# scikit-survival 0.3 released

Today, I released a new version of scikit-survival, a Python module for survival analysis built on top of scikit-learn.

This release adds predict_survival_function and predict_cumulative_hazard_function to sksurv.linear_model.CoxPHSurvivalAnalysis, which return the survival function and cumulative hazard function using Breslow's estimator.

Moreover, it fixes a build error on Windows (#3) and adds the sksurv.preprocessing.OneHotEncoder class, which can be used in a scikit-learn pipeline.

## Download

You can install the latest version via pip:

pip install -U scikit-survival

or download the source from GitHub.

Unfortunately, I was not able to convince the recently released conda-build 3 to create Anaconda packages, therefore you would need to install from source, for the time being.
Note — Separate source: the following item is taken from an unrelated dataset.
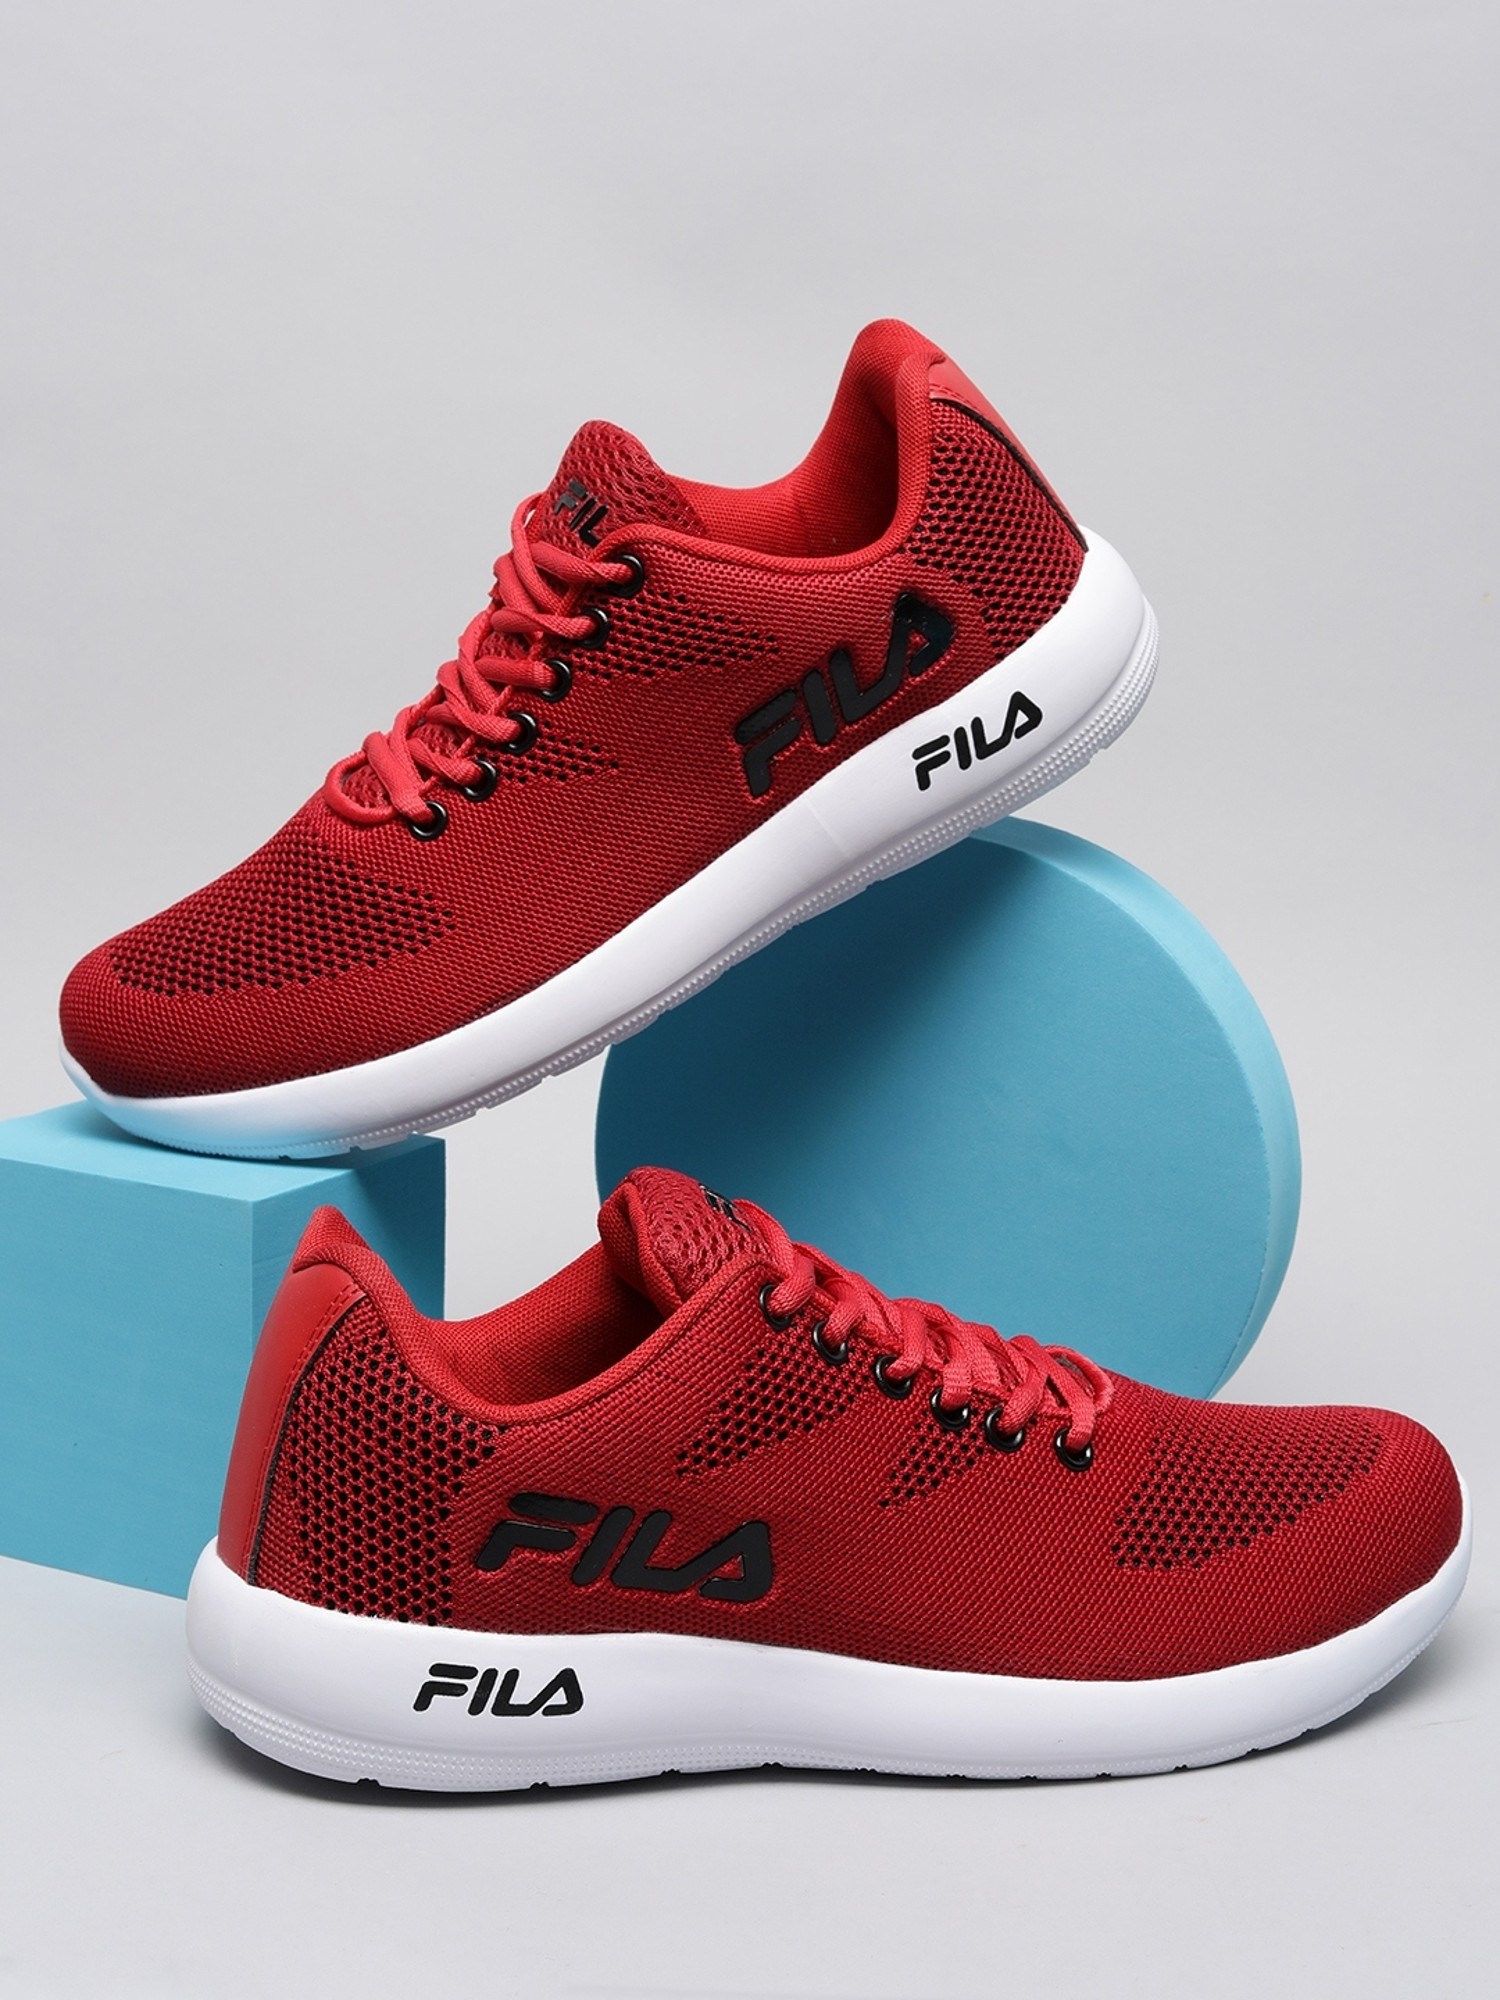 Betinget Bliv sur volleyball Buy Fila Men's LOREM Red Running Shoes for Men at Best Price @ Tata CLiQ

## Introduction to Survival Analysis with scikit-survival

Finally, I created a notebook that introduces survival analysis (based on my previous post) and shows you how to use the Kaplan-Meier estimator and Cox's proportional hazards model.

## Comments

## GradientBoostingSurvivalAnalysis use case + predict_survival_fnc

Hi Sebastian,

First of all, thank you for making this! I'm using the GradientBoostingSurvivalAnalysis algorithm and it's getting great concordant results, but I'm at a loss as to how to interpret the float predictions it outputs. I'm very new to survival analysis and am coming to this from a more general classification machine learning background. I'm trying to use this to calculate the probability of an event 6 time periods in the future. I don't know how to do this with the GradientBoostingSurvivalAnalysis despite reading your docs. For now, I'll use the predict_survival_function from the Cox algorithm to get the hazard probability.

Thanks!

Nate

## Not all algorithms are able

In reply to GradientBoostingSurvivalAnalysis use case + predict_survival_fnc by Nate (not verified)

Not all algorithms are able to predict full survival curves. Often, they only provide a relative risk score. They are only useful when compared between multiple patients. For instance, if the predicted risk scores are 0.3 (A), -1.2 (B), 0.6 (C), then this would mean that (B) is predicted to experience the event before (A), and (C) is predicted to experience it last.